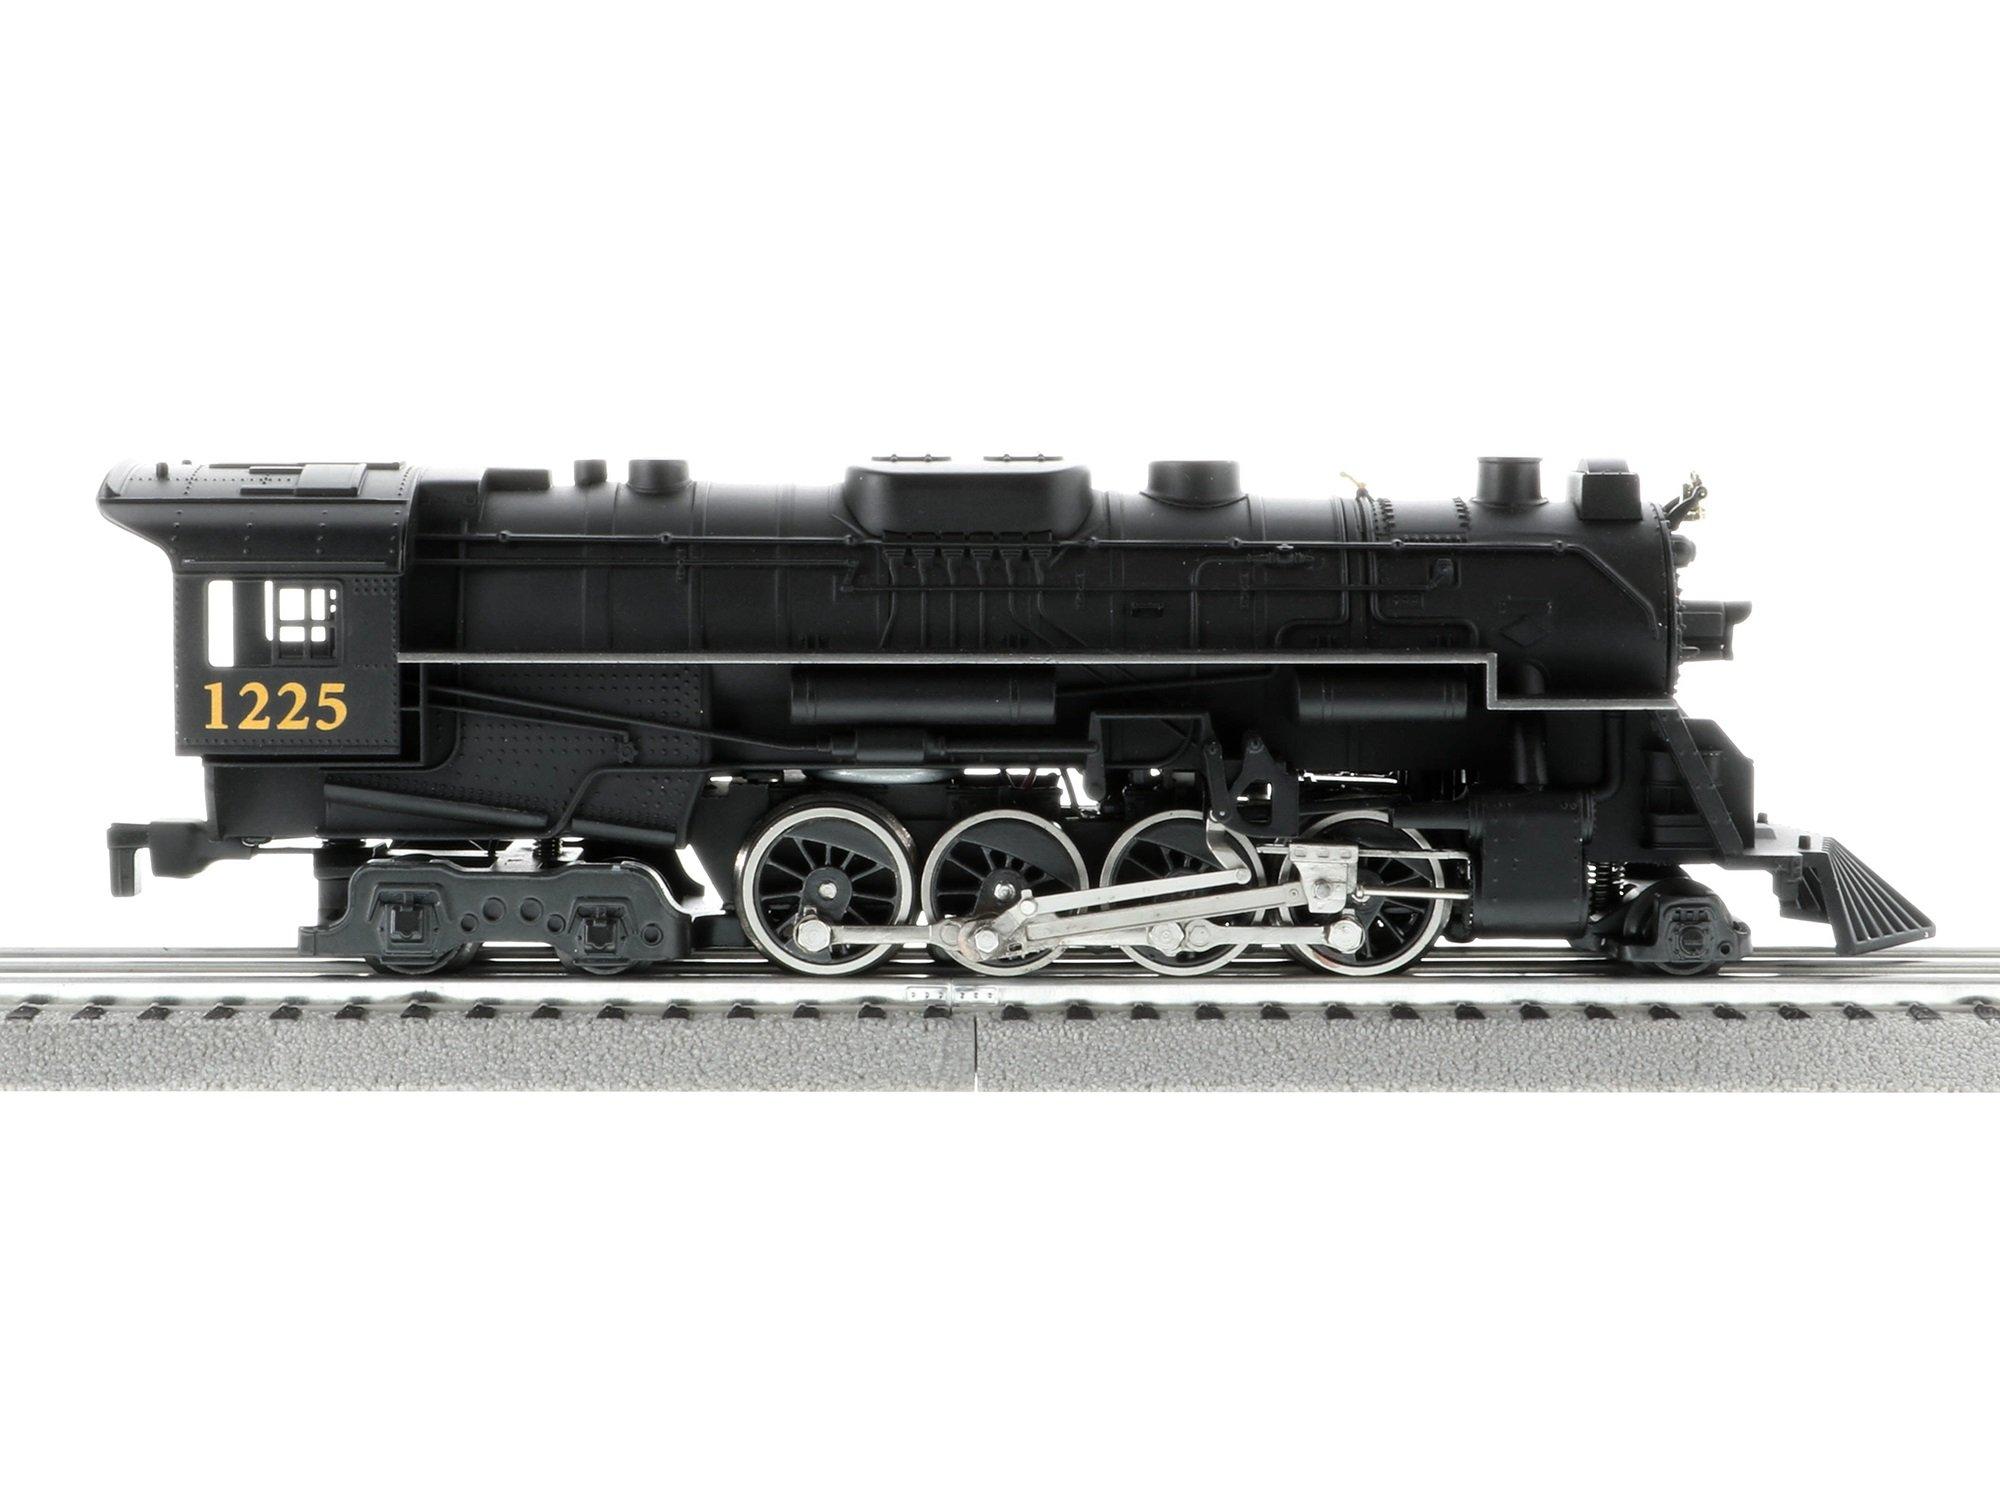 Lionel The Polar Express LionChief Train Set with Bluetooth Train Set by Lionel (Image #6)
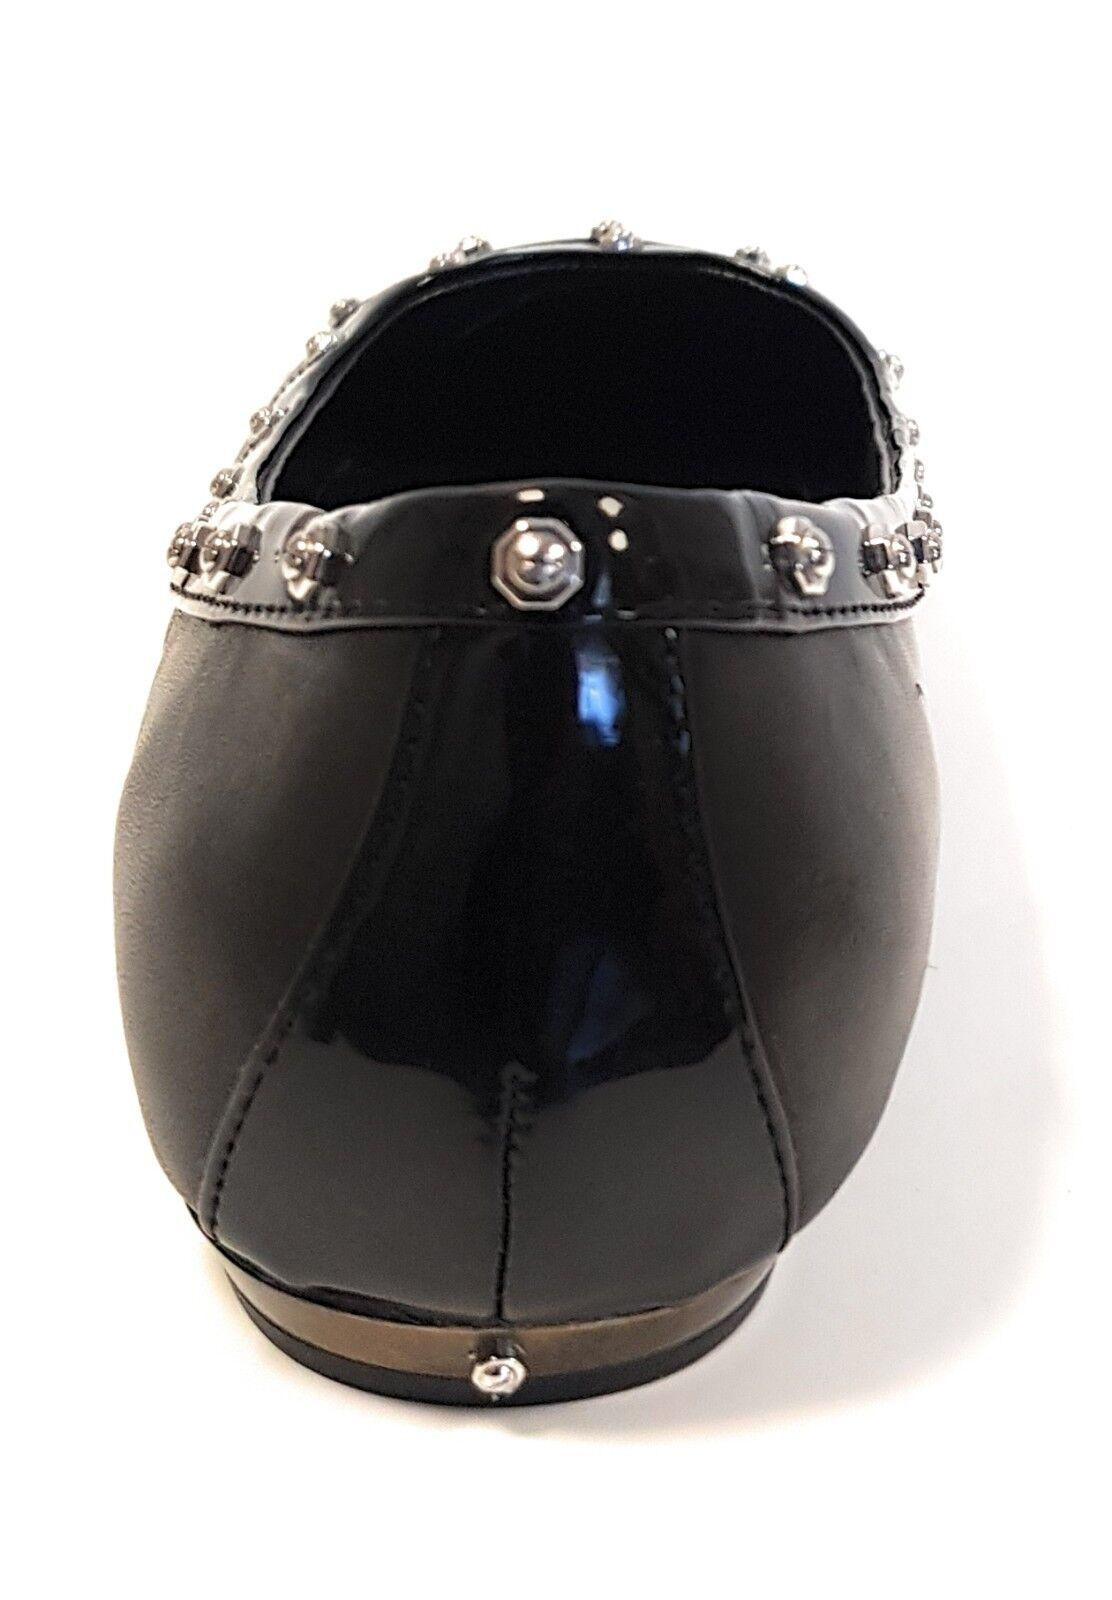 DIESEL Ballerina CAGE Damen D-LIGHTS D Y01135 PR013 T8013 Echtleder Damen CAGE Schuhe Z2 14b14c
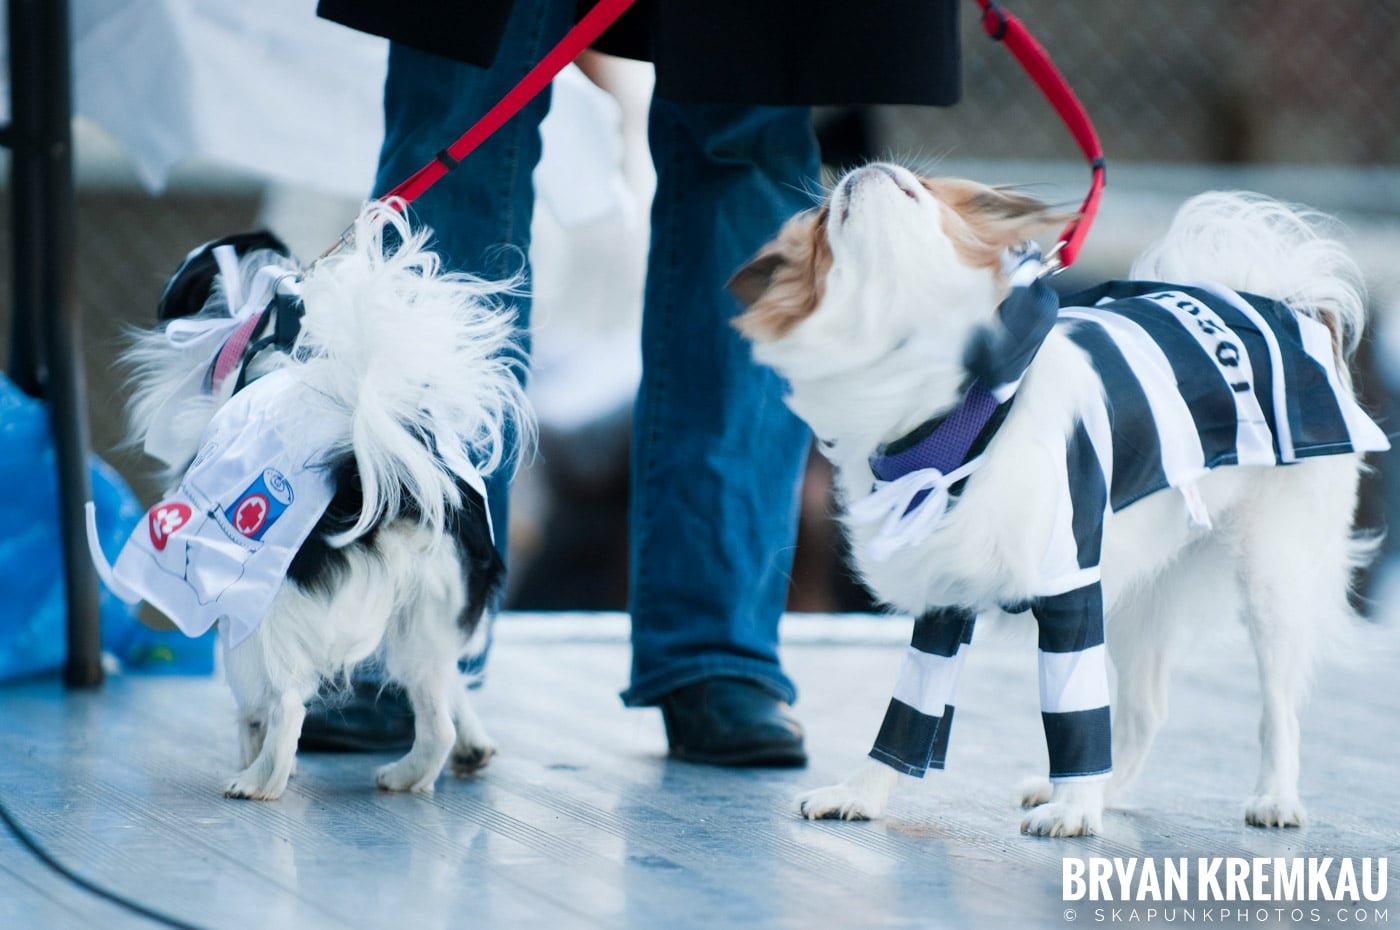 Paulus Hook Halloween Pet Parade 2011 @ Jersey City, NJ - 10.30.11 (9)

◆ EXERCISE GOAL ◆
Exactly the lines from the one containing "DIESEL Ballerina CAGE" through the last line of the data above should be output, both ends included, with every picture left out.

◆ TASK OUTPUT ◆
 DIESEL Ballerina CAGE Damen D-LIGHTS D Y01135 PR013 T8013 Echtleder Damen CAGE Schuhe Z2 14b14c
 Paulus Hook Halloween Pet Parade 2011 @ Jersey City, NJ - 10.30.11 (9)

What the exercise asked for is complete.